Problem details:
With the first line below as the start and the line containing "Los Rhus succedanea" as the end, copy every line between them exactly, ends included.

[Saved entries]
+++++

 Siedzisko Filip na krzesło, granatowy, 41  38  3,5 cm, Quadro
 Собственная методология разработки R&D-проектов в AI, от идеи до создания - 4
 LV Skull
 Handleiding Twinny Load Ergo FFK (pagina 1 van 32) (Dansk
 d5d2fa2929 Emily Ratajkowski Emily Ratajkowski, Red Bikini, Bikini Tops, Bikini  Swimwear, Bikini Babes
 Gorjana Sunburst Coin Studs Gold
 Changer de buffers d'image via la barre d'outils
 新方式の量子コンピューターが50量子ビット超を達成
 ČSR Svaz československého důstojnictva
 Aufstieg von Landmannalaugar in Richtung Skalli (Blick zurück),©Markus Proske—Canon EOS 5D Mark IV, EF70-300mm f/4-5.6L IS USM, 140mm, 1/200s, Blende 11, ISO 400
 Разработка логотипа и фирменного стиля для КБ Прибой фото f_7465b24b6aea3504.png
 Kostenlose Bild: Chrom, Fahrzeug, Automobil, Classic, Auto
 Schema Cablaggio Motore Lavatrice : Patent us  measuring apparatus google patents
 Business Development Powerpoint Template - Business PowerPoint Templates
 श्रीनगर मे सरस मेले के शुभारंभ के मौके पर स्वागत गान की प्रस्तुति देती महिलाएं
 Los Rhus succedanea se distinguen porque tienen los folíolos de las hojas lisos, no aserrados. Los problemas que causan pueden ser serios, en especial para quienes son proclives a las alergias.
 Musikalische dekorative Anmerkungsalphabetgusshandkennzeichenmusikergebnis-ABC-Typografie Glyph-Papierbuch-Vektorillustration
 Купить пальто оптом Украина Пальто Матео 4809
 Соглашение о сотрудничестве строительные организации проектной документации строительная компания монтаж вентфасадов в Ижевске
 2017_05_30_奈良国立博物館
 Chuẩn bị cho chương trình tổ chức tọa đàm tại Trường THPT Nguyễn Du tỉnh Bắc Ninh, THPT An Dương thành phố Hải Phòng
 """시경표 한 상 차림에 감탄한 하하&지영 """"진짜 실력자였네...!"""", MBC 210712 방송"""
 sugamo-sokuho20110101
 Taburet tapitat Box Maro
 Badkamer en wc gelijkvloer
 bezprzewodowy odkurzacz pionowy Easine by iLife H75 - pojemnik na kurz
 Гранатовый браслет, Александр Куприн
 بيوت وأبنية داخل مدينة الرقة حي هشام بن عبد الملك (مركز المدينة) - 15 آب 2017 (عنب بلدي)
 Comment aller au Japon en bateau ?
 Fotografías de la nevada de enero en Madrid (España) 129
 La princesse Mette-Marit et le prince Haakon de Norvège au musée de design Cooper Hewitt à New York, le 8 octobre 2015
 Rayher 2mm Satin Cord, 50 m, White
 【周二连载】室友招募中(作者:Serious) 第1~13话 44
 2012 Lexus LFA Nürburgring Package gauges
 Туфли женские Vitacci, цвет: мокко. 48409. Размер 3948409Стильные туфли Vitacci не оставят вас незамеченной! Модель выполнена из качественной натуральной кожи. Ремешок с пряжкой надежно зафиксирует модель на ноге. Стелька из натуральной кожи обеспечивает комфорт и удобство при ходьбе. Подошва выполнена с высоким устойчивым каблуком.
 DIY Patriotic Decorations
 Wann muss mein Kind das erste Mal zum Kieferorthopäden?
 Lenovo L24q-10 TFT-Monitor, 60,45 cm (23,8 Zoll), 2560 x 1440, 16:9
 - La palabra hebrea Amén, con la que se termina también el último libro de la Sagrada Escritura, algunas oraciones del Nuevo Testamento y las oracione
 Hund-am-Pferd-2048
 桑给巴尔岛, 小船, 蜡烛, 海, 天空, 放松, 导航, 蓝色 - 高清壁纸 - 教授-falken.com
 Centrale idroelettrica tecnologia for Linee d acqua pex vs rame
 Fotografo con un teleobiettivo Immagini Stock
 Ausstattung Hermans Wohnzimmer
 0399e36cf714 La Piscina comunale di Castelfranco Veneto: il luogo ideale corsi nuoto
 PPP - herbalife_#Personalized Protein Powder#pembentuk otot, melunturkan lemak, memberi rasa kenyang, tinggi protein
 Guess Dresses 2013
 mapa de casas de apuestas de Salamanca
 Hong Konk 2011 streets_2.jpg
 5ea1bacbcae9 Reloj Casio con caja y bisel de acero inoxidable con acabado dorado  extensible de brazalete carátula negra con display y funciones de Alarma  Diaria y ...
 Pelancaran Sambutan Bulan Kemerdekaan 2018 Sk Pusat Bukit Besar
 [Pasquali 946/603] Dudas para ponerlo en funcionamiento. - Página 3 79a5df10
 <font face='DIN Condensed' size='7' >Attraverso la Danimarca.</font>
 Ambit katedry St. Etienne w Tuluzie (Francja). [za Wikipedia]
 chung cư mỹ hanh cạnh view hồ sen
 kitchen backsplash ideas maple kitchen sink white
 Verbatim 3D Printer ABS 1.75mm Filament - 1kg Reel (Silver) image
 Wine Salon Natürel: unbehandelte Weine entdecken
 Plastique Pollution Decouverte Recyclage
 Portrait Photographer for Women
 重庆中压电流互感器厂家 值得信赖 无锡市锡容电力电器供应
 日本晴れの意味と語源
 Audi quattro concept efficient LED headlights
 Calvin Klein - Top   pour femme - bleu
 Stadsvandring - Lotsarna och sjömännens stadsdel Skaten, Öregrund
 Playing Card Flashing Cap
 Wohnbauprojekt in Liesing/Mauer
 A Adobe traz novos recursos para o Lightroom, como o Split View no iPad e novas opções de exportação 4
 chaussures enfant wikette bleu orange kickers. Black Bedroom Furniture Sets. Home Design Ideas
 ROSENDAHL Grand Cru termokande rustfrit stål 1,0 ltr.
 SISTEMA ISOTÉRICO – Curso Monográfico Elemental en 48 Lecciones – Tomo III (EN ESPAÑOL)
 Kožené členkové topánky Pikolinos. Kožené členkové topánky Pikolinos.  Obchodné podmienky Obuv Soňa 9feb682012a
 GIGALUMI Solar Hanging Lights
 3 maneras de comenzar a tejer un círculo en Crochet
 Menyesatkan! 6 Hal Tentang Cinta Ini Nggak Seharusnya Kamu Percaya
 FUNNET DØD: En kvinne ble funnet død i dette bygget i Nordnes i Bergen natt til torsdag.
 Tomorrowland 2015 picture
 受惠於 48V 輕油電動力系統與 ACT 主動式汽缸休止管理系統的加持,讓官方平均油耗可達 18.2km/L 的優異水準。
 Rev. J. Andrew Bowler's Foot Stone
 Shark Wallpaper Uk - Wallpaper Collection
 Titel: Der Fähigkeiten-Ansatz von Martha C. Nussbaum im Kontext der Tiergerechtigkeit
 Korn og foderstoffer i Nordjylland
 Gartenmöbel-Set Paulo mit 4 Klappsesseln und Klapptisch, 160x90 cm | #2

+++++

Your response:
 Siedzisko Filip na krzesło, granatowy, 41  38  3,5 cm, Quadro
 Собственная методология разработки R&D-проектов в AI, от идеи до создания - 4
 LV Skull
 Handleiding Twinny Load Ergo FFK (pagina 1 van 32) (Dansk
 d5d2fa2929 Emily Ratajkowski Emily Ratajkowski, Red Bikini, Bikini Tops, Bikini  Swimwear, Bikini Babes
 Gorjana Sunburst Coin Studs Gold
 Changer de buffers d'image via la barre d'outils
 新方式の量子コンピューターが50量子ビット超を達成
 ČSR Svaz československého důstojnictva
 Aufstieg von Landmannalaugar in Richtung Skalli (Blick zurück),©Markus Proske—Canon EOS 5D Mark IV, EF70-300mm f/4-5.6L IS USM, 140mm, 1/200s, Blende 11, ISO 400
 Разработка логотипа и фирменного стиля для КБ Прибой фото f_7465b24b6aea3504.png
 Kostenlose Bild: Chrom, Fahrzeug, Automobil, Classic, Auto
 Schema Cablaggio Motore Lavatrice : Patent us  measuring apparatus google patents
 Business Development Powerpoint Template - Business PowerPoint Templates
 श्रीनगर मे सरस मेले के शुभारंभ के मौके पर स्वागत गान की प्रस्तुति देती महिलाएं
 Los Rhus succedanea se distinguen porque tienen los folíolos de las hojas lisos, no aserrados. Los problemas que causan pueden ser serios, en especial para quienes son proclives a las alergias.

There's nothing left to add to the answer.